Exhibit 10.25
EMPLOYMENT CONTRACT
EMPLOYMENT CONTRACT dated December __, 1996 among Macpherson Meistergram,
Inc., a North Carolina corporation ("MAC"), whose business address is 0000 Xxxx
Xxxxxxxx Xxxxxx, Xxxxxxxxxx, Xxxxx Xxxxxxxx 00000, and Xxxxxxx X. Xxxxxxx, whose
address is 0000 Xxxxxxx Xxxxx, Xxxxxxxxxx, XX 00000 ("Employee").
MAC desires to engage Employee to perform services as an executive officer
of MAC and Employee desires to perform such services, on the terms and
conditions hereinafter set forth.
Accordingly, MAC and Employee agree as follows:
1. Term.
MAC agrees to employ Employee to perform services as an executive
officer for a period which will commence with the closing (the "Closing") of the
sale of the capital stock of MAC and Xxxxxxxx X. Xxxxxxxxxx Canada, Inc.
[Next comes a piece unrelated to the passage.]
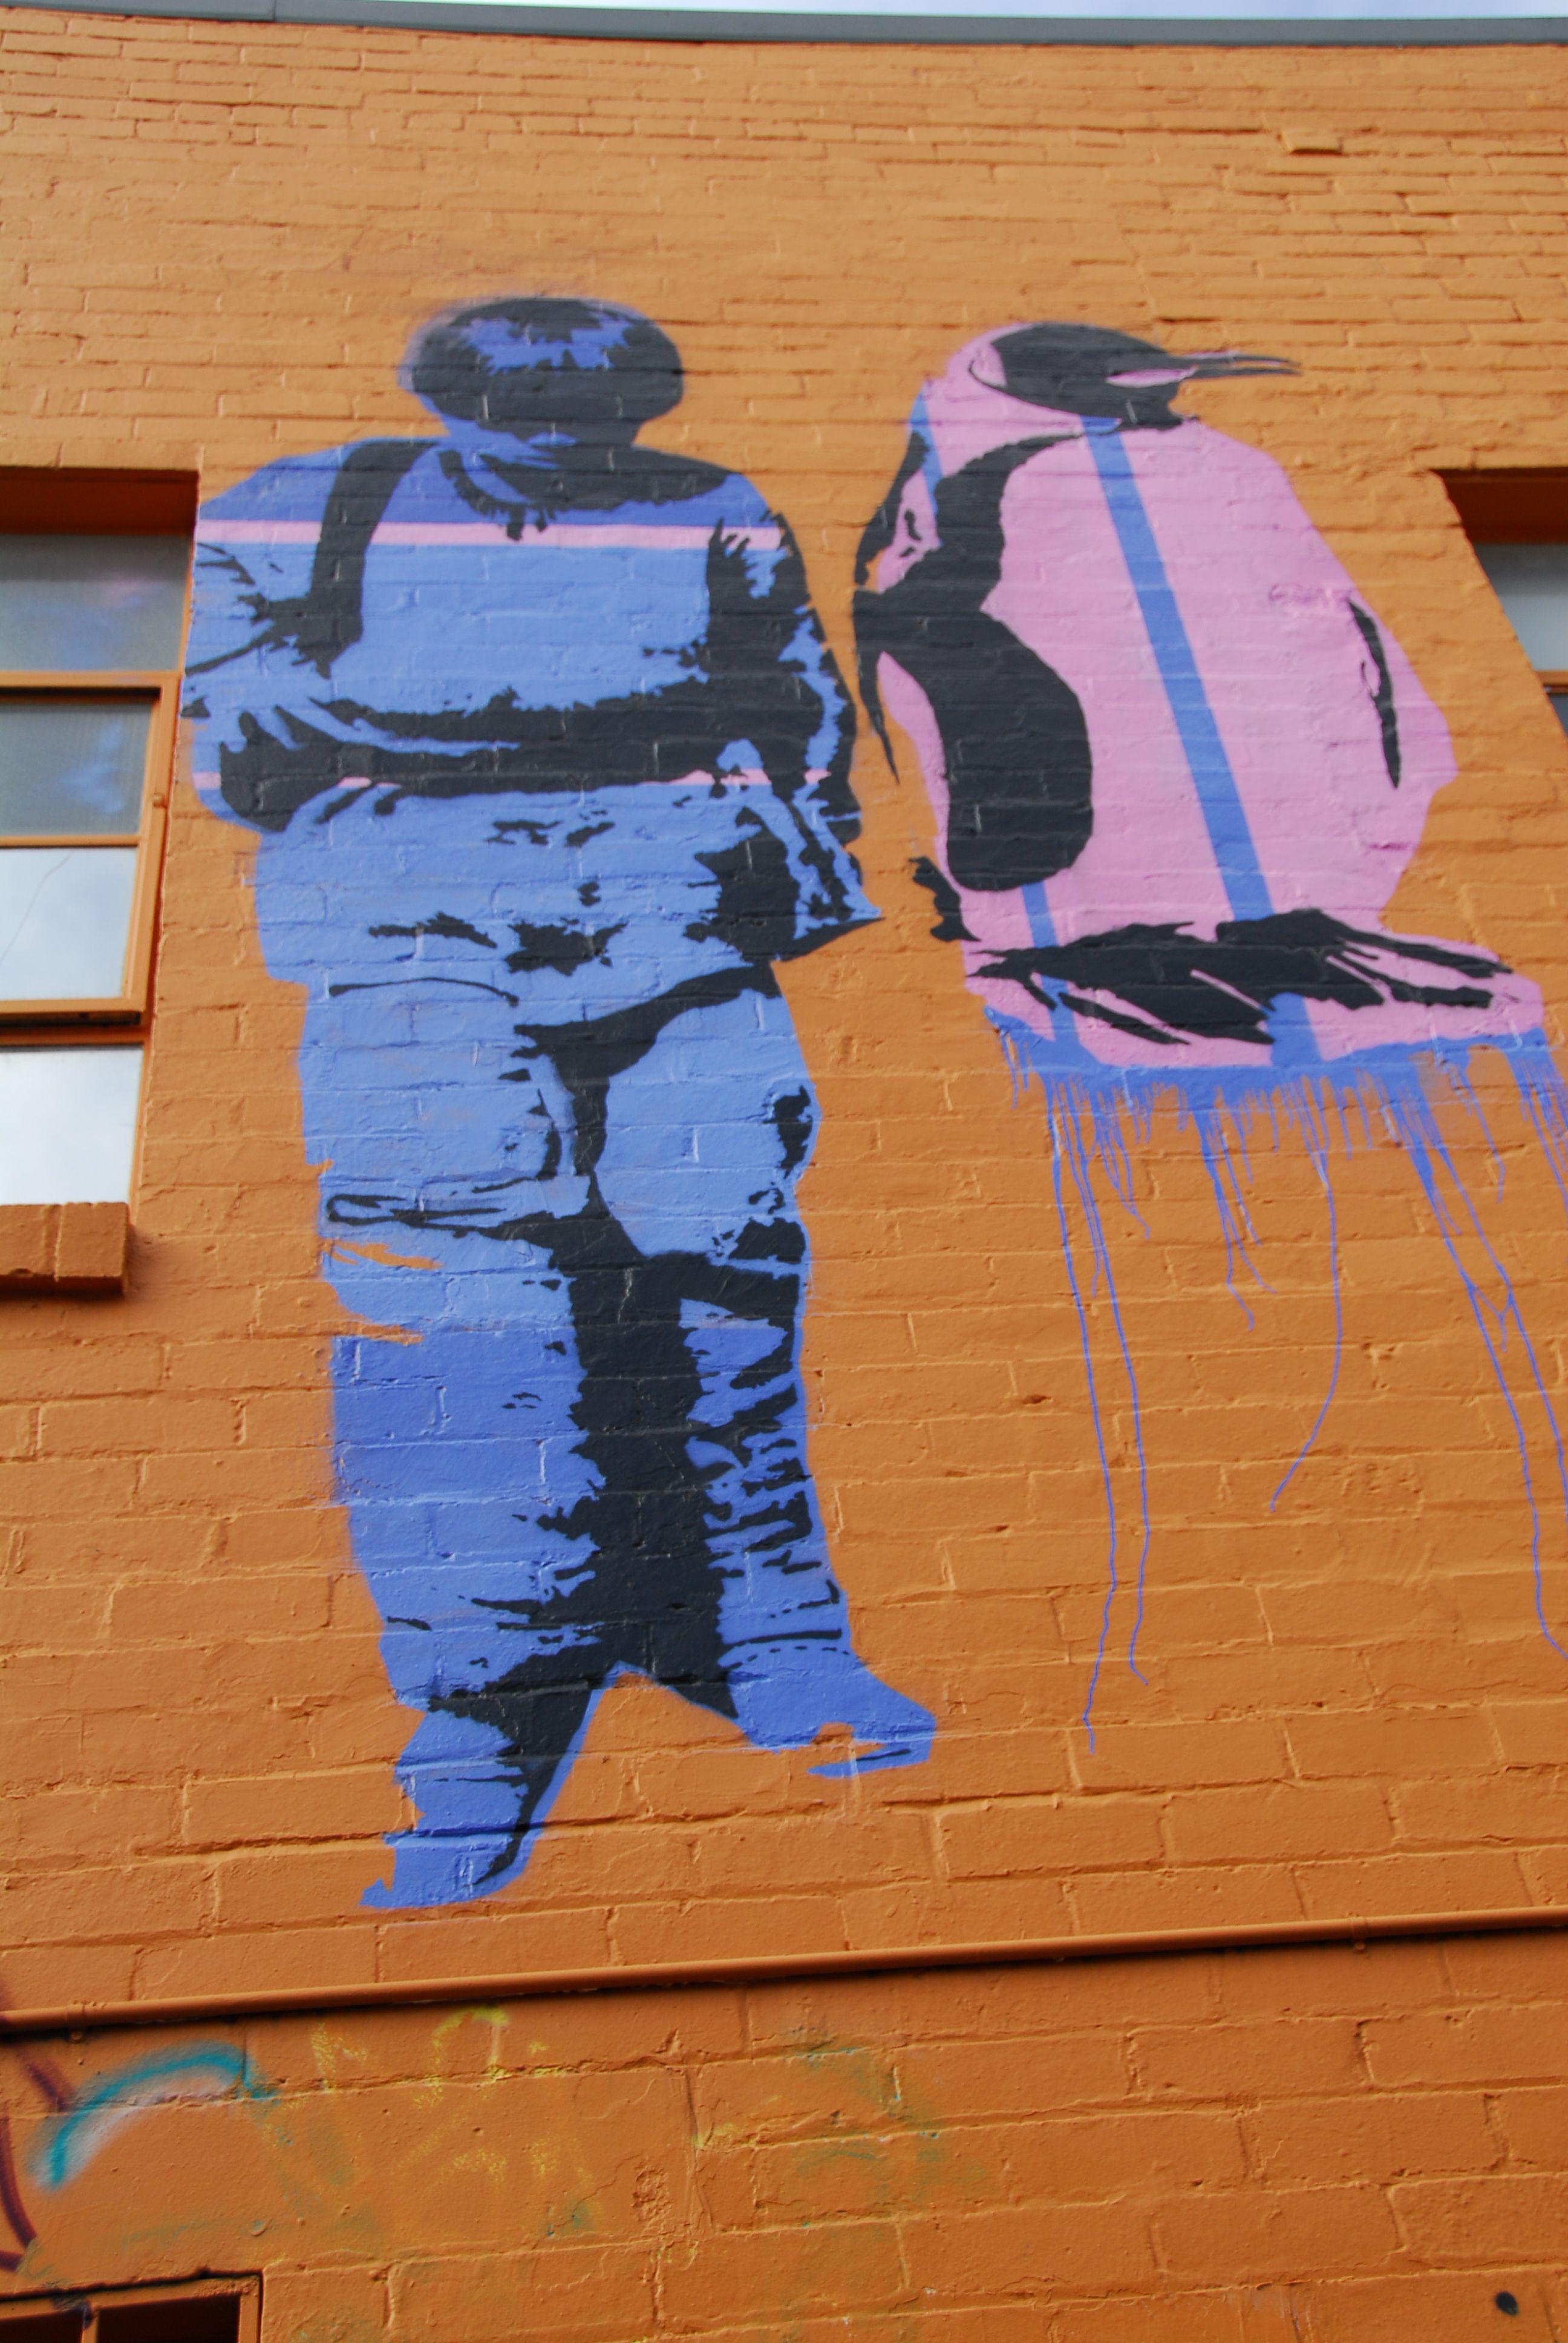 Collingwood #collingwood #melbourne #2006 #streetartgraffiti #streetart #streetartaustralia #streetartmelbourne #melbournegraffiti #graffiti

("GEMC") to WG Apparel, Inc. ("WG Apparel") pursuant to the Stock Purchase
Agreement among MAC, GEMC, Xxxxxxx & Xxxxx, Inc. ("W&G"), WG Apparel and the
stockholders of MAC, dated as of November 27, 1996 (the "Stock Purchase
Agreement") and shall continue indefinitely until terminated as provided in this
Section 1 or Section 10 hereof (the "Employment Period"). At any time after one
(1) year from the date of the Closing, MAC may terminate this Employment
Contract by providing not less than one (1) year advance written notice to
Employee; provided, however, that MAC may terminate the Employee as of such
notice by paying one year's salary to Employee and providing for the
continuation and funding of the
-1-
benefits provided for in Sections 6(iii), (iv) and (v) hereof. Employee may
terminate this Employment Contract at any time by providing ninety (90) day's
written notice to MAC. If the Closing does not occur for any reason, this
Employment Contract shall be null and void and neither party shall have any
rights hereunder.
2. Nature of Services.
During the Employment Period, Employee shall at all times be
employed in an executive capacity in the business of MAC in Greensboro, North
Carolina. Employee shall serve as Vice President-Operations of MAC upon
commencement of the Employment Period and thereafter for so long as requested by
MAC's Board of Directors. In the performance of his duties, Employee shall have
responsibility for the overall operations of MAC, subject to the policy
direction of the Board of Directors of MAC and the chief executive officer of
W&G or his designee.
3. Agreement to Serve.
Employee agrees to his employment as described in Section 2 and
agrees to devote all his business time and efforts (except immaterial time and
effort devoted to personal business affairs and investments) to the performance
of his duties under this employment contract. Employee agrees that in the course
of his employment, he will use good faith efforts to faithfully observe and
carry out all of the duties and responsibilities customarily owed by an employee
to his employer.
4. Compensation.
-2-
Employee's salary during the Employment Period shall be fixed from
time to time by the Compensation Committee of the Board of Directors of W&G (the
"Committee") but shall not be less than $90,012 per annum, payable in equal
installments no less frequently than monthly. Employee's salary shall be
reviewed during the first quarter of each calendar year during the Employment
Period (with the first review to occur during the first quarter of 1997). Salary
increases, if any, shall be effective as of April 1 of each year.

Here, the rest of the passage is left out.